The team was able to overcome the challenge of growing 2D materials on silicon. To build semiconductors, silicon wafers must be used, the associate professor noted. "Until now, there has been no way of making 2D materials in single-crystalline form on silicon wafers, thus the whole community has almost given up on pursuing 2D materials for next-generation processors," Kim says. "Now we have completely solved this problem, with a way to make devices smaller than a few nanometers. This will change the paradigm of Moore’s Law."

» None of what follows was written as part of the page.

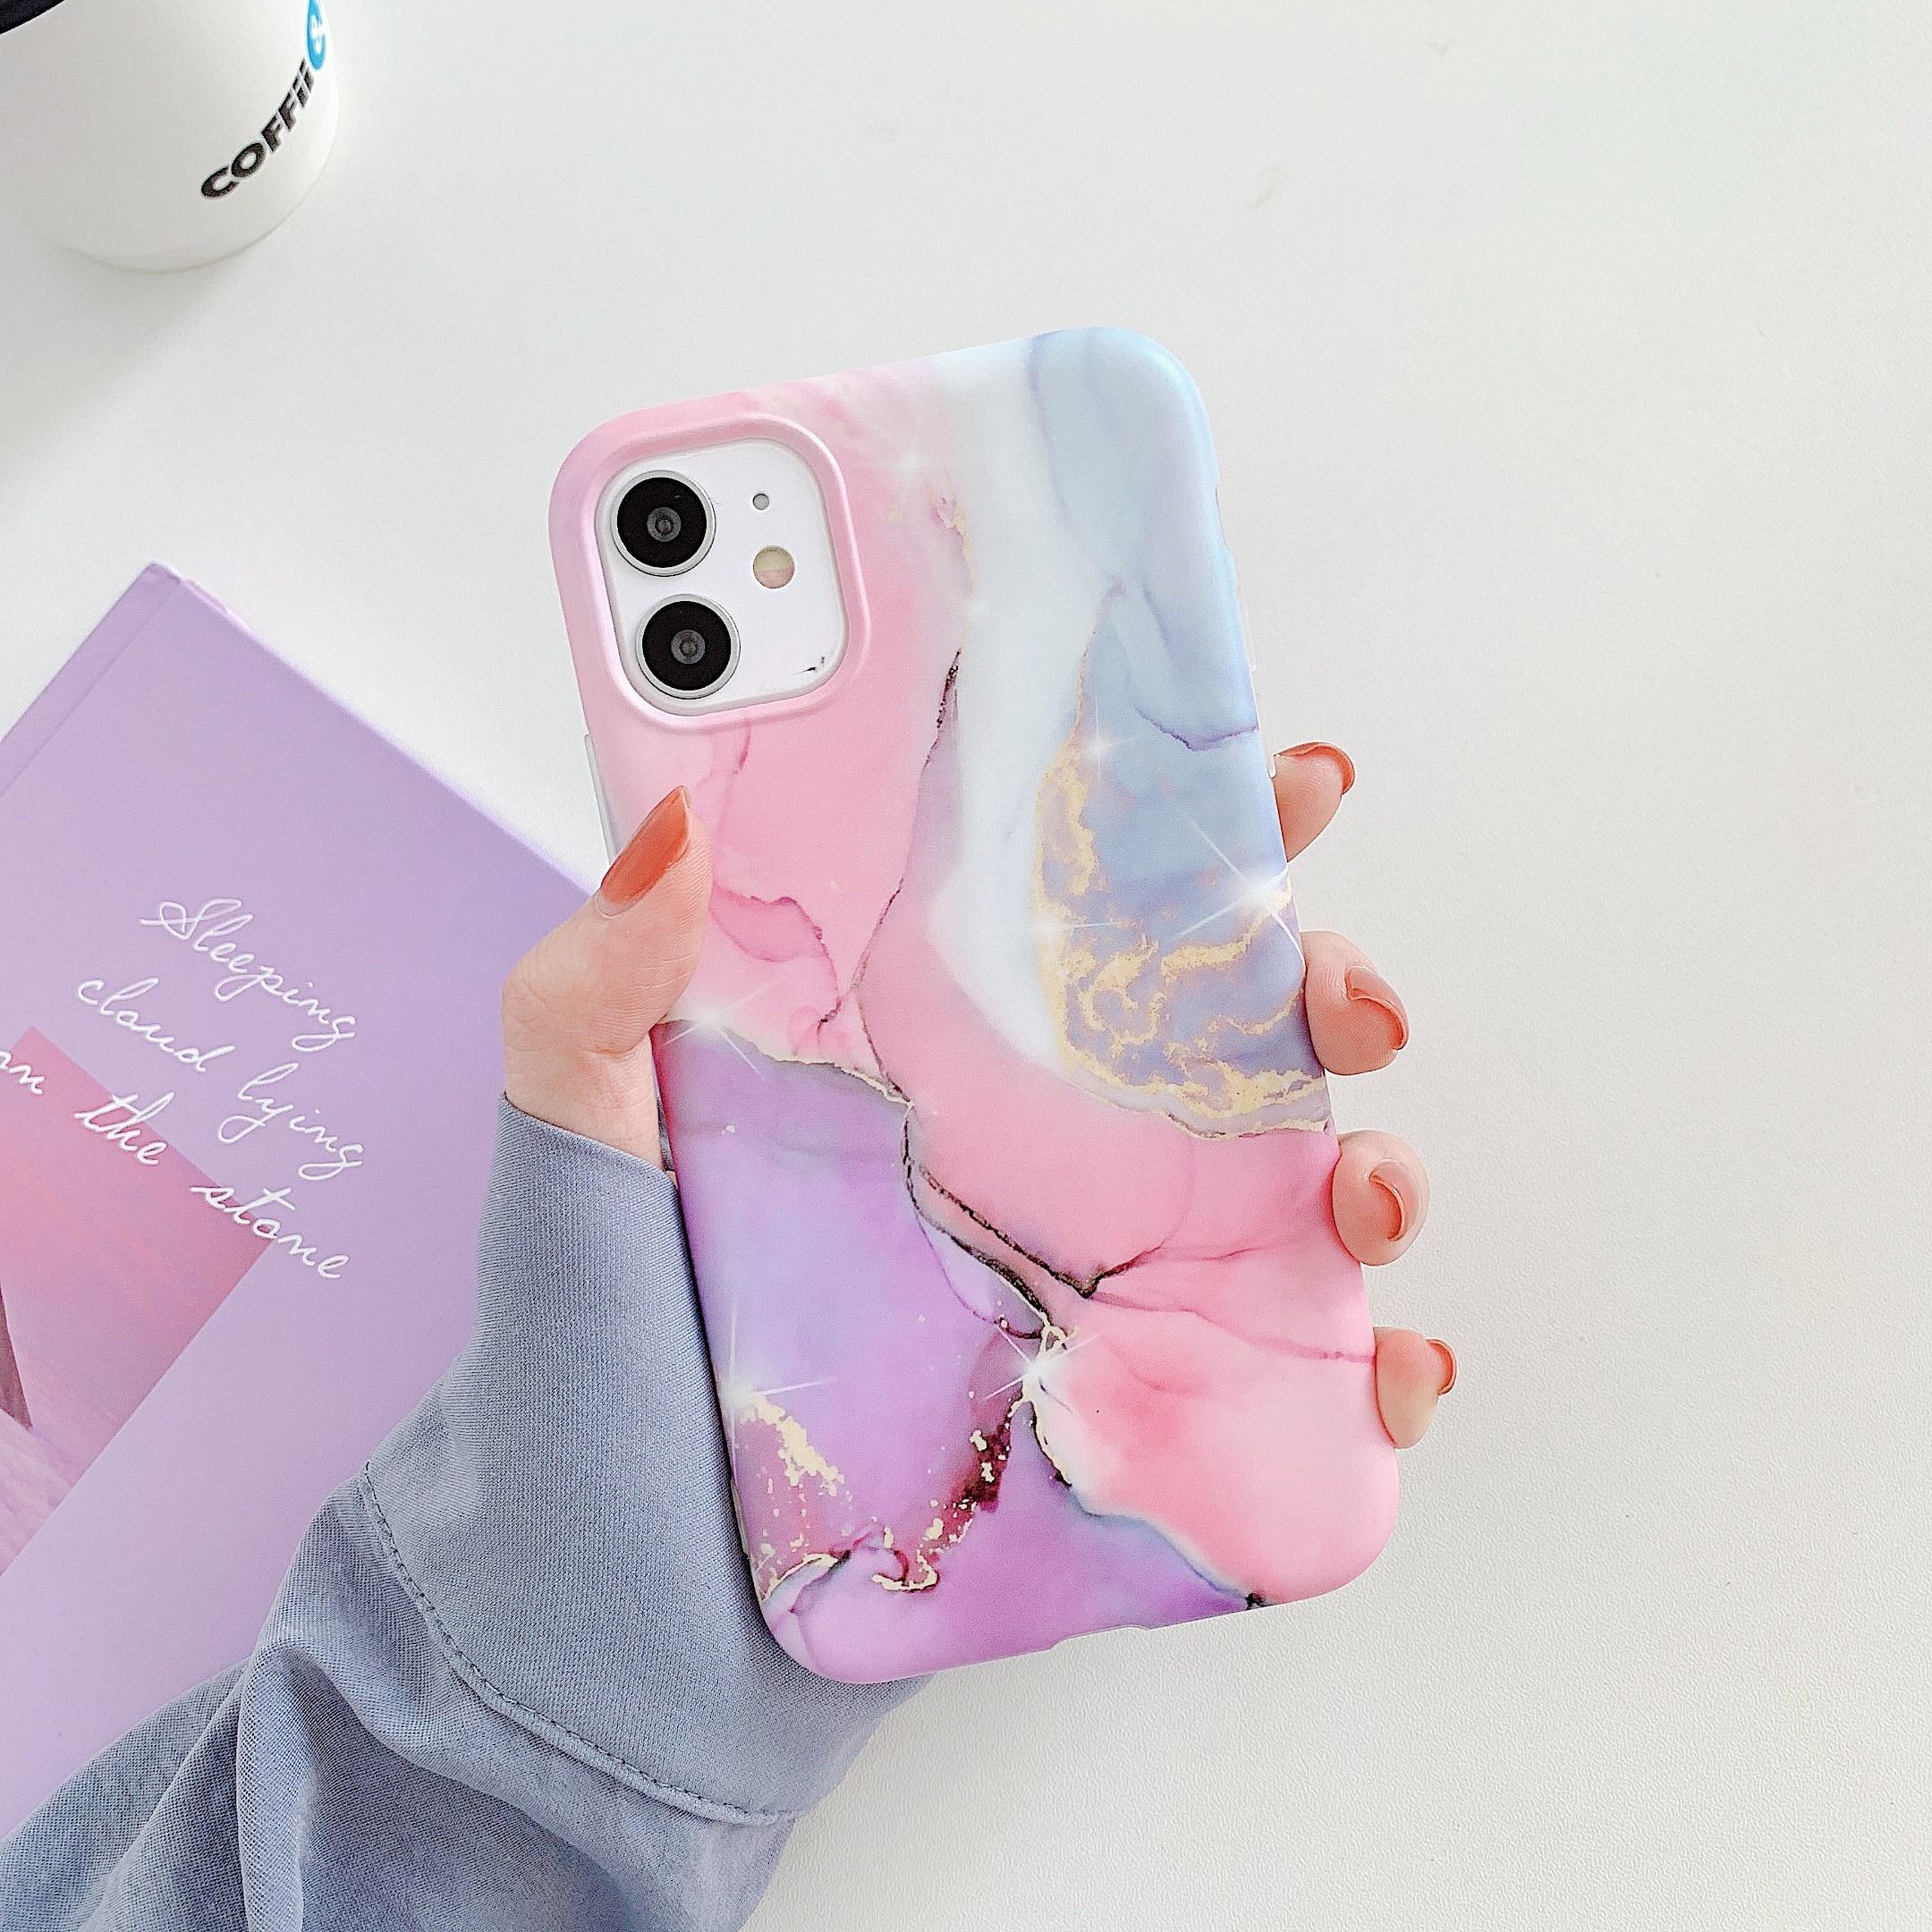 Hfb24de2857ba4005b60151b9e177a7b1f Capinha celular case Mármore rachadura matte casos de telefone para iphone 12 mini 11 pro max se 2020 xs max xr x 7 8 plus capa de silicone macio tpu imd volta

Using the process to create smaller and smaller transistors, more and more of them will fit inside smaller and smaller chips to create even more powerful and energy-efficient chips. Last month Intel mentioned that it would research the use of 2D materials to help it reach a goal of fitting more than one trillion transistors inside a chip by 2030.

Other areas of research that Intel will focus on include looking into new 3D packaging for seamless integration of chiplets, and studying new possibilities in energy efficiency and memory. As for the use of 2D materials, Intel says that these super-thin materials can help it fit more transistors inside a single chip.

Transistors made from 2D materials could be the innovation that keeps the tech industry growing. It might allow manufacturers to develop faster and more powerful smartphones with the kind of battery life that we can only dream about right now.